G. Guerrero, B. Zaire, P. K. Smolarkiewicz, E. M. de Gouveia Dal Pino, A. G. Kosovichev, N. N. Mansour

Published 2018-10-18Version 1

Observations of stellar magnetism indicate that stars of types F, G and K have magnetic activity similar to that observed in the Sun. Two fundamental properties of stellar magnetic fields have been determined for a significant number of stars with different Rossby numbers (Ro), namely the magnetic field strength and the magnetic cycle period. The field strength exhibits two regimes: 1) for fast rotation the field strength is independent of Ro, 2) for slow rotation the field decays with Ro with power law dependence. For the magnetic cycle period two regimes of activity, the so called active and inactive branches, have been identified.

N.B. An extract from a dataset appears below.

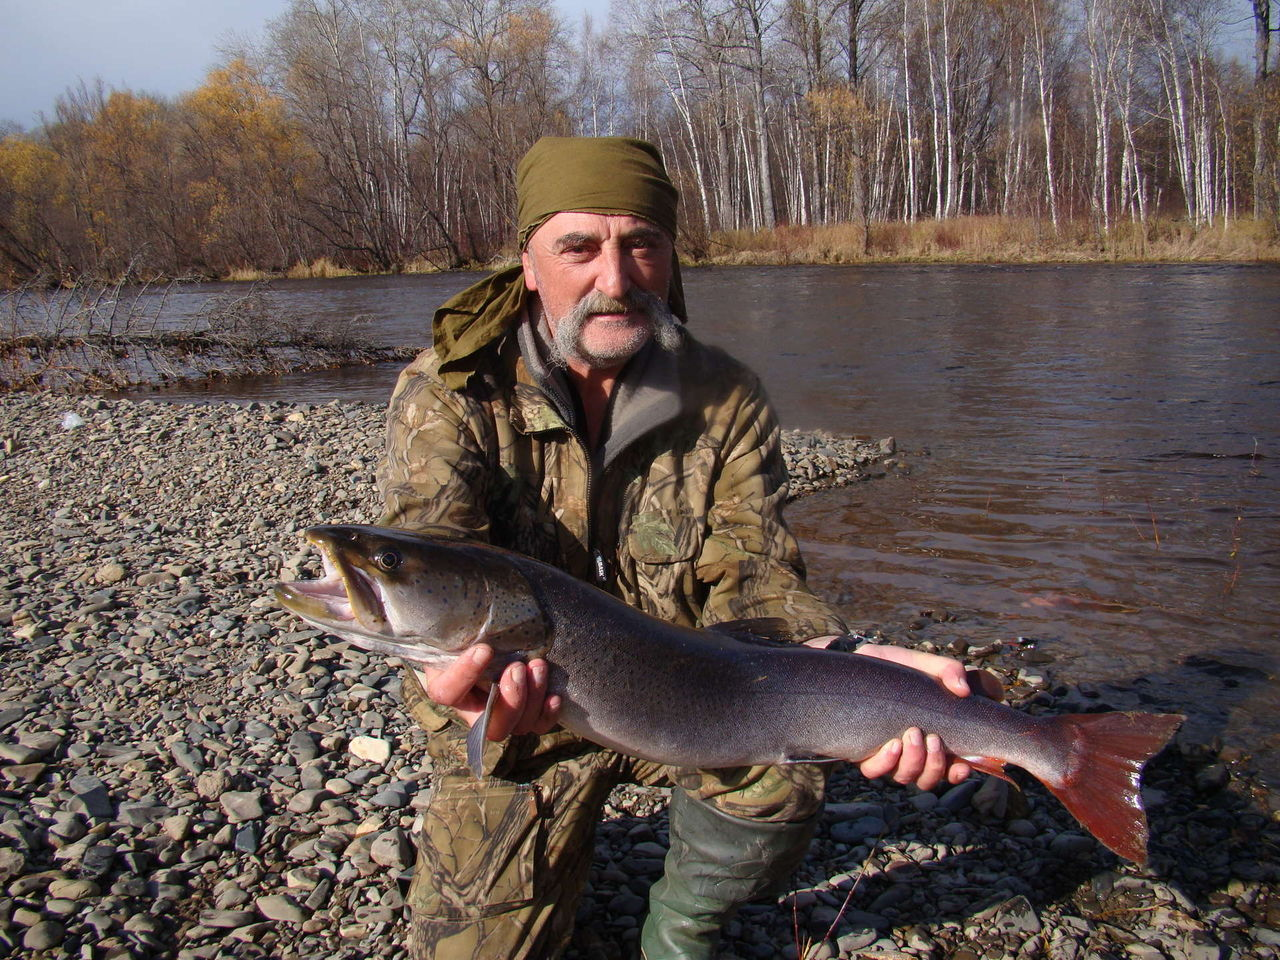 Рыбалка на щуку и тайменя

For both of them, the longer the rotation period, the longer the activity cycle. In this paper we present results of global dynamo simulations which show that the rotational shear in both, the tachocline and the near-surface layer, plays a fundamental role in explaining these observational properties. The results are consistent with non-linear alpha-Omega dynamos with different modes and levels of complexity. The magnetic field strength can be explained from results of a mean-field analysis. The power-law decay of the field strength in slow rotating stars is attributed to the decrease of the near-surface radial shear with Ro and to the meridional motions that advect the poloidal magnetic field out of the surface layers. In agreement with the observations, the magnetic cycle period increases with the rotational period. All the periods are consistent with the active branch of activity. However, a bifurcation is observed for Ro ~1. It separates a regime where the oscillatory dynamo operates in the convection zone, from a regime where the tachocline has a predominant role. In the latter, the periods are believed to result from the periodic energy exchange between the dynamo and the magneto-shear instabilities developing in the tachocline region.